» TASK INPUTS

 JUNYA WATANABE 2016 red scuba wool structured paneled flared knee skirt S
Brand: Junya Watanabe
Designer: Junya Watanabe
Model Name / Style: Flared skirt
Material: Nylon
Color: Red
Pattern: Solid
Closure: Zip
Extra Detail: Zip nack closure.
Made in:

==

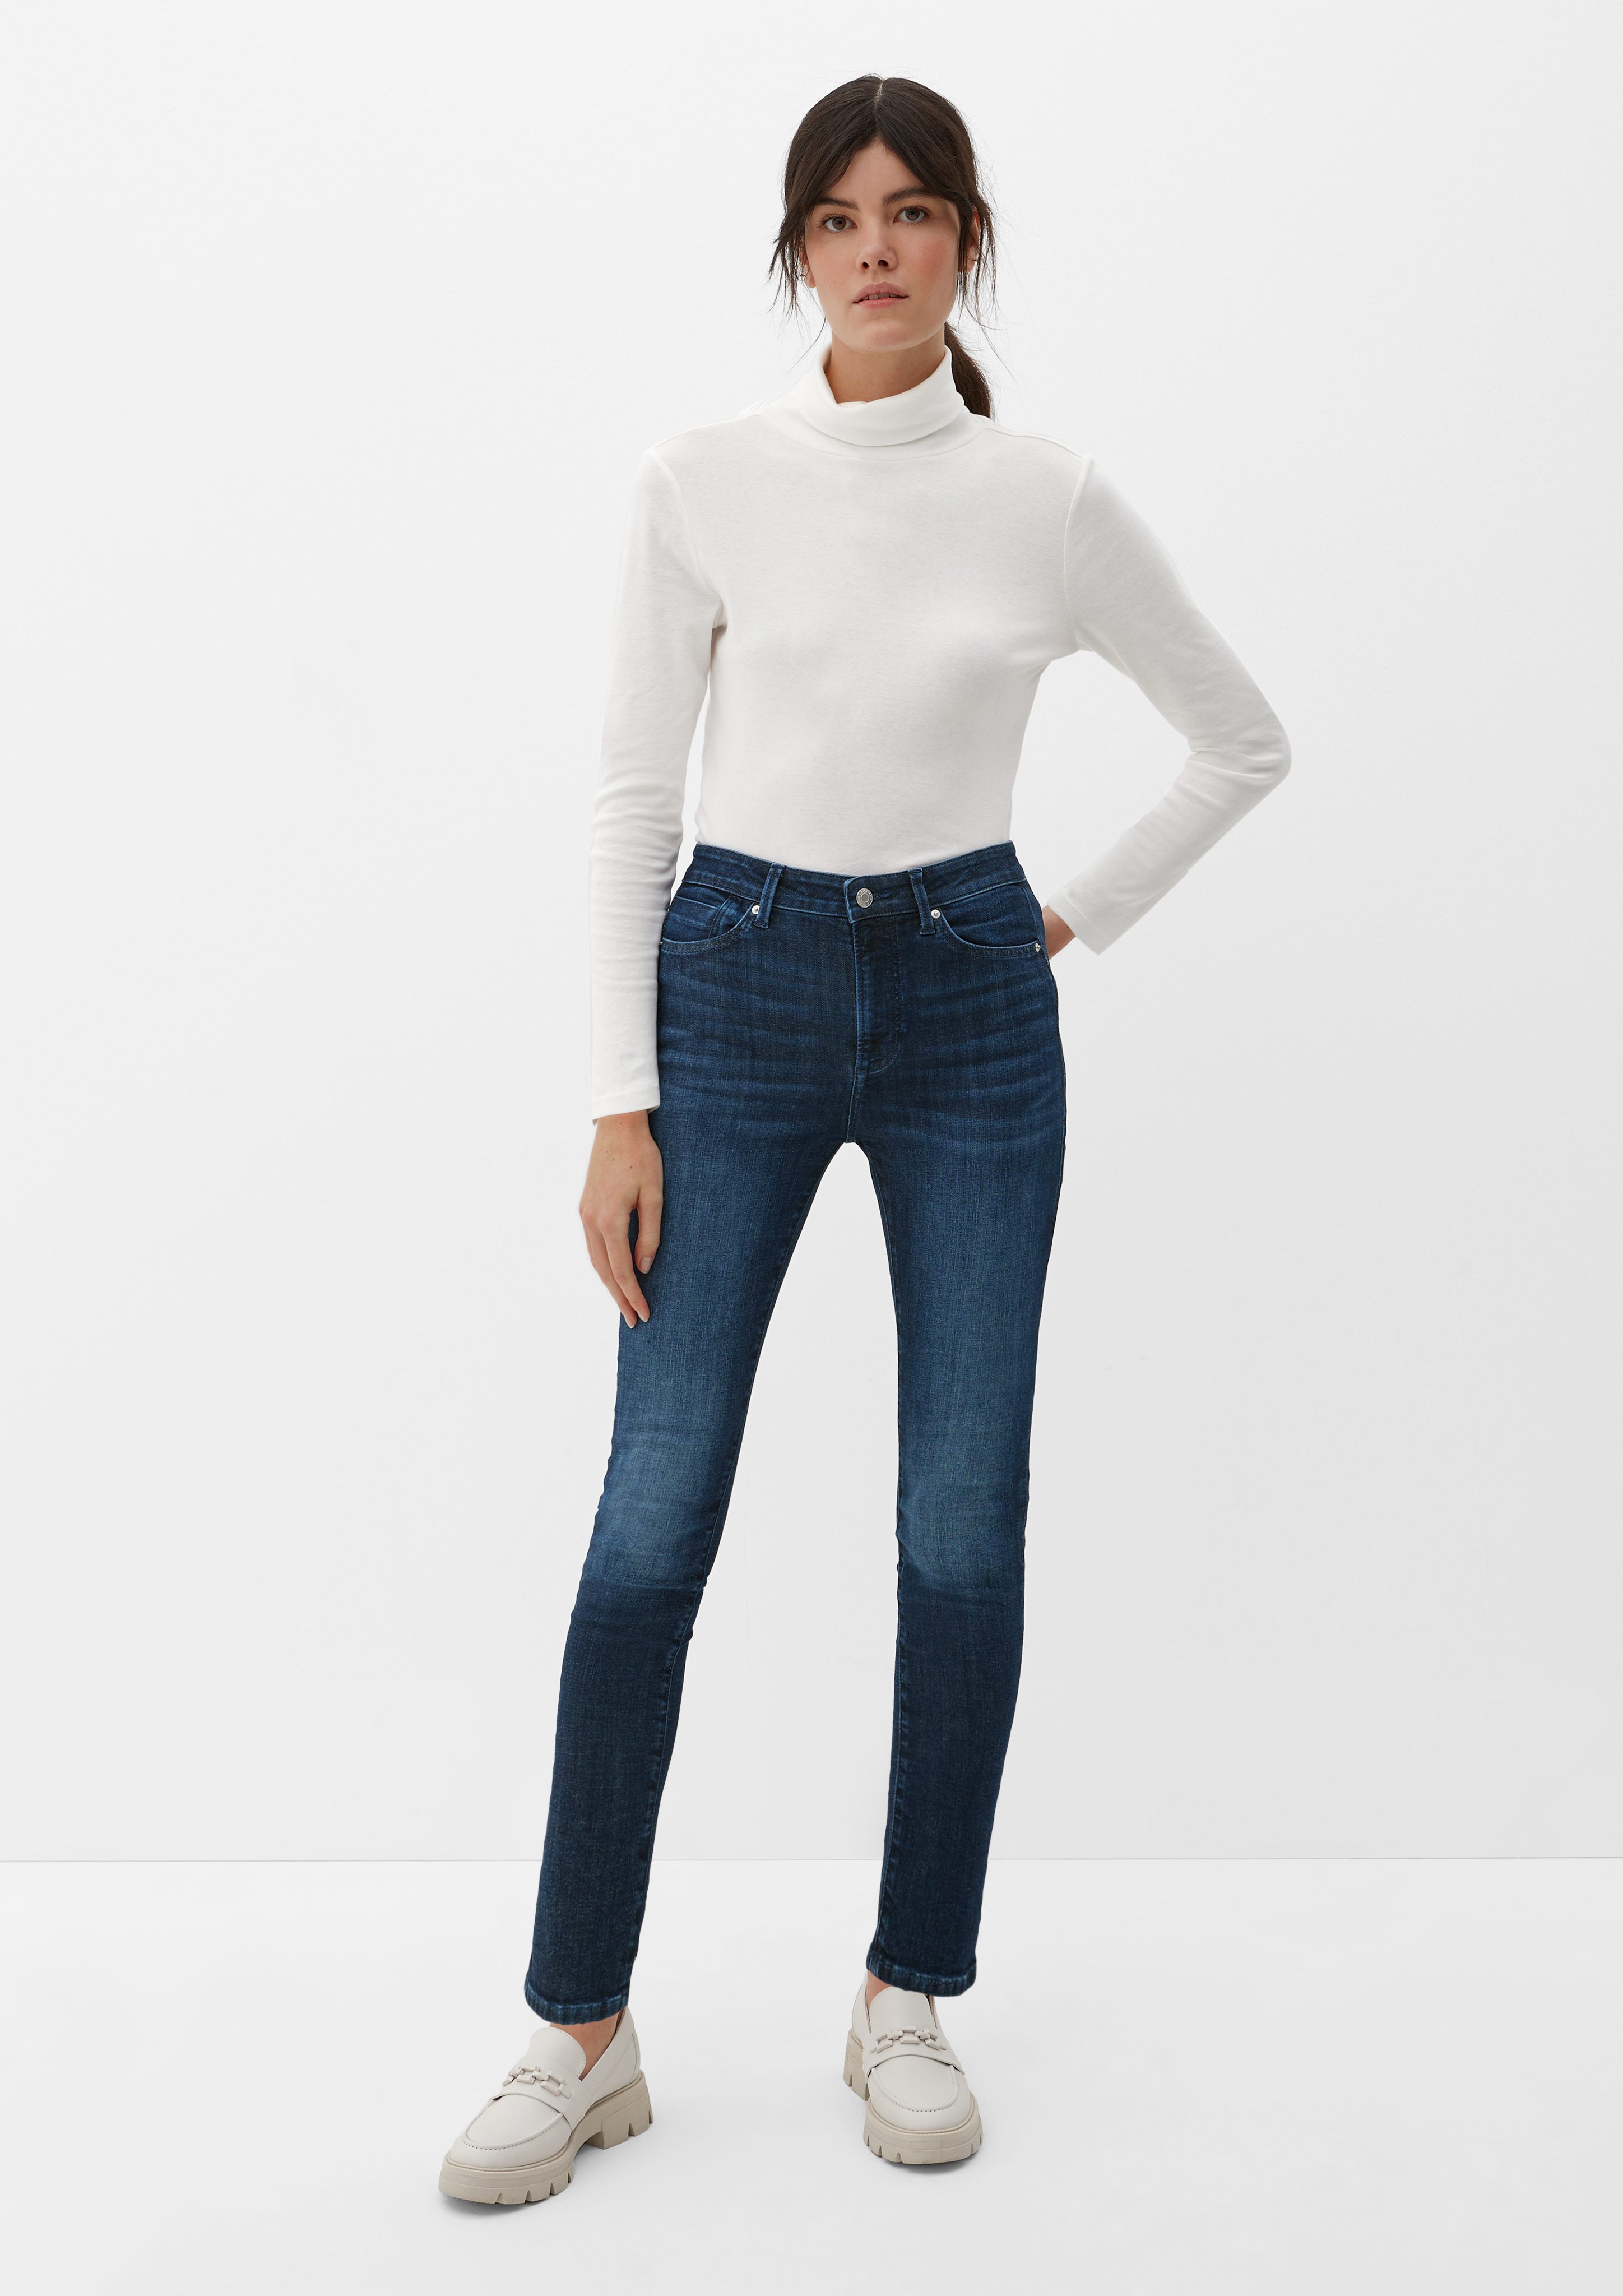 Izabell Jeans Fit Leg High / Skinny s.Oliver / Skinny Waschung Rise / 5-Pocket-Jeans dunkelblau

==

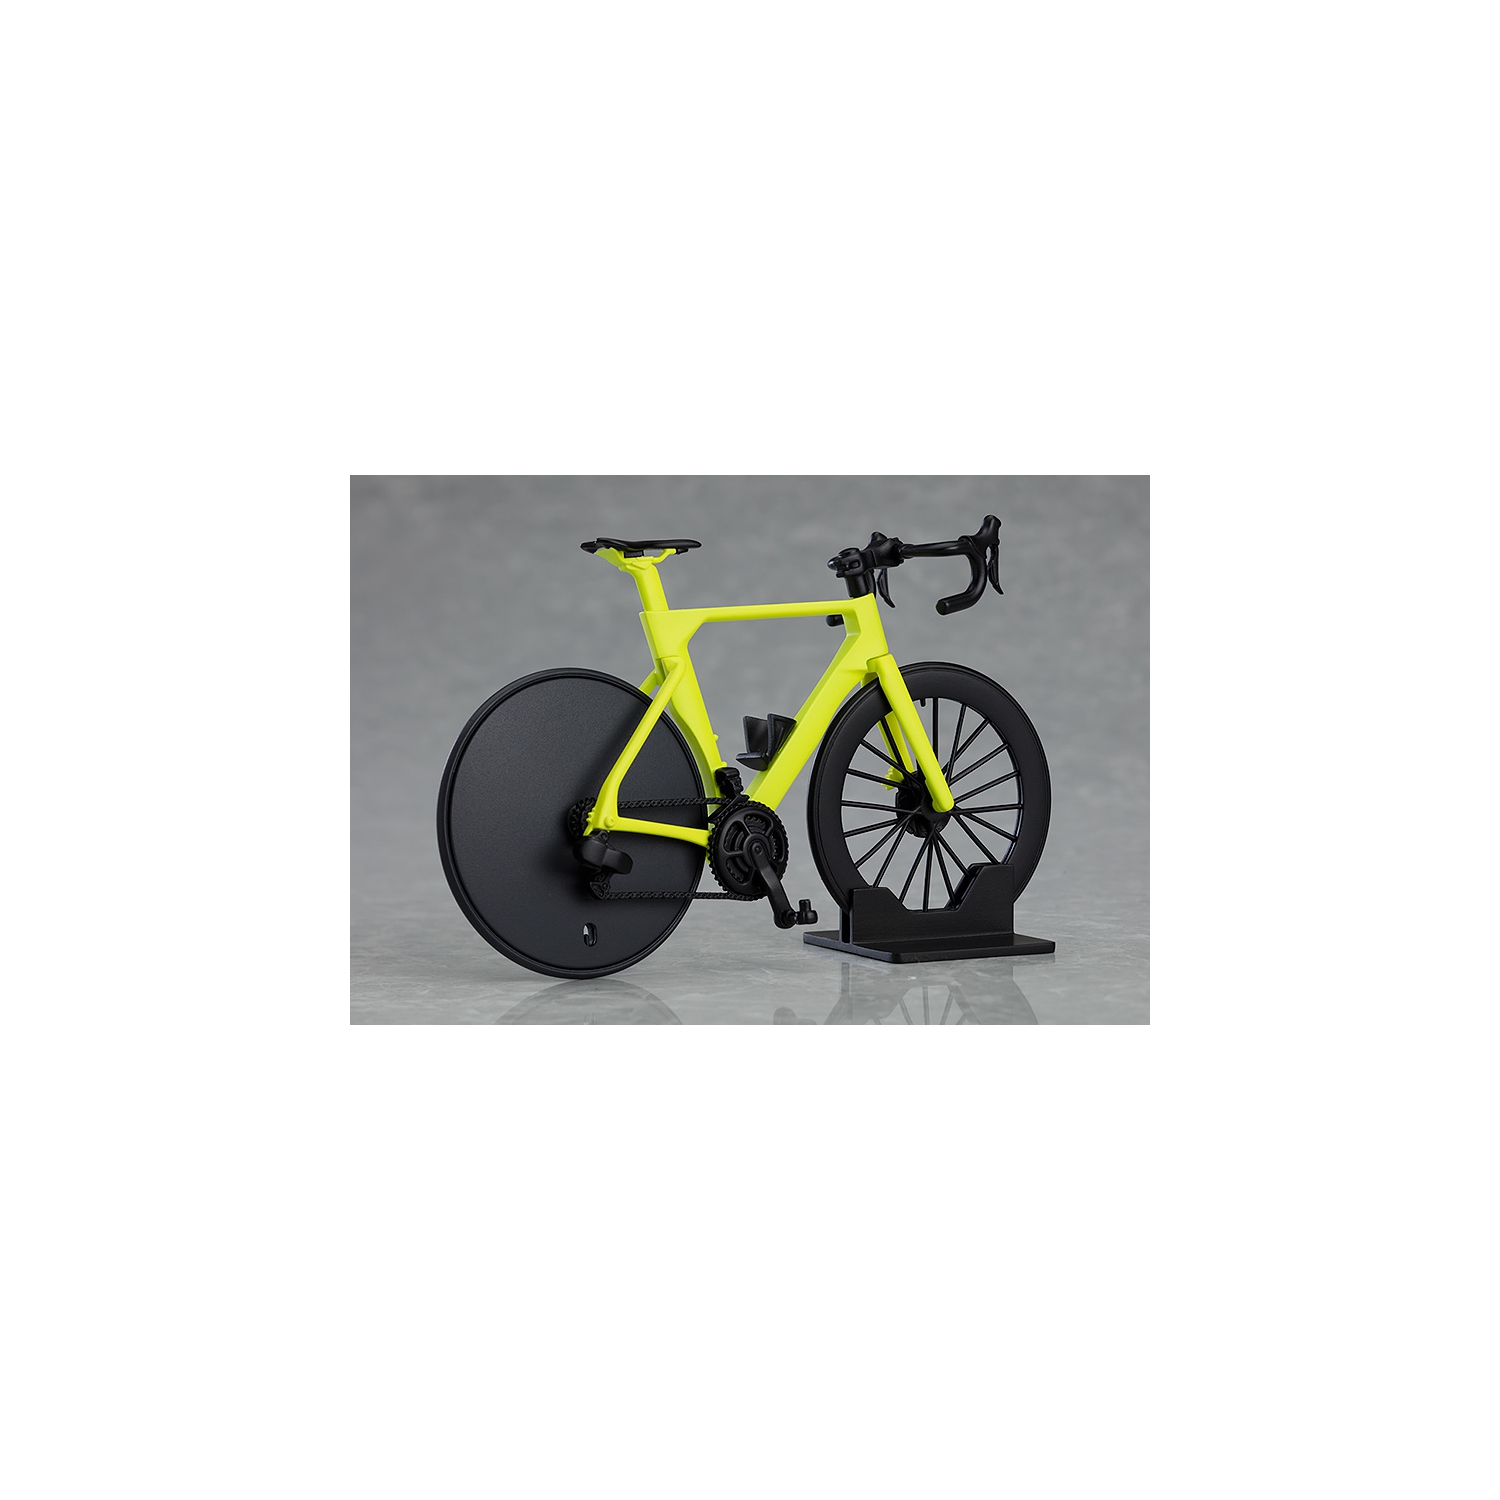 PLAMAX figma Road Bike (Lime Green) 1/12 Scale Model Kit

» EXERCISE BRIEF
Lines of the listing above that contain the word "skirt" must all be copied.

» RESULT OF THE TASK
 JUNYA WATANABE 2016 red scuba wool structured paneled flared knee skirt S
Model Name / Style: Flared skirt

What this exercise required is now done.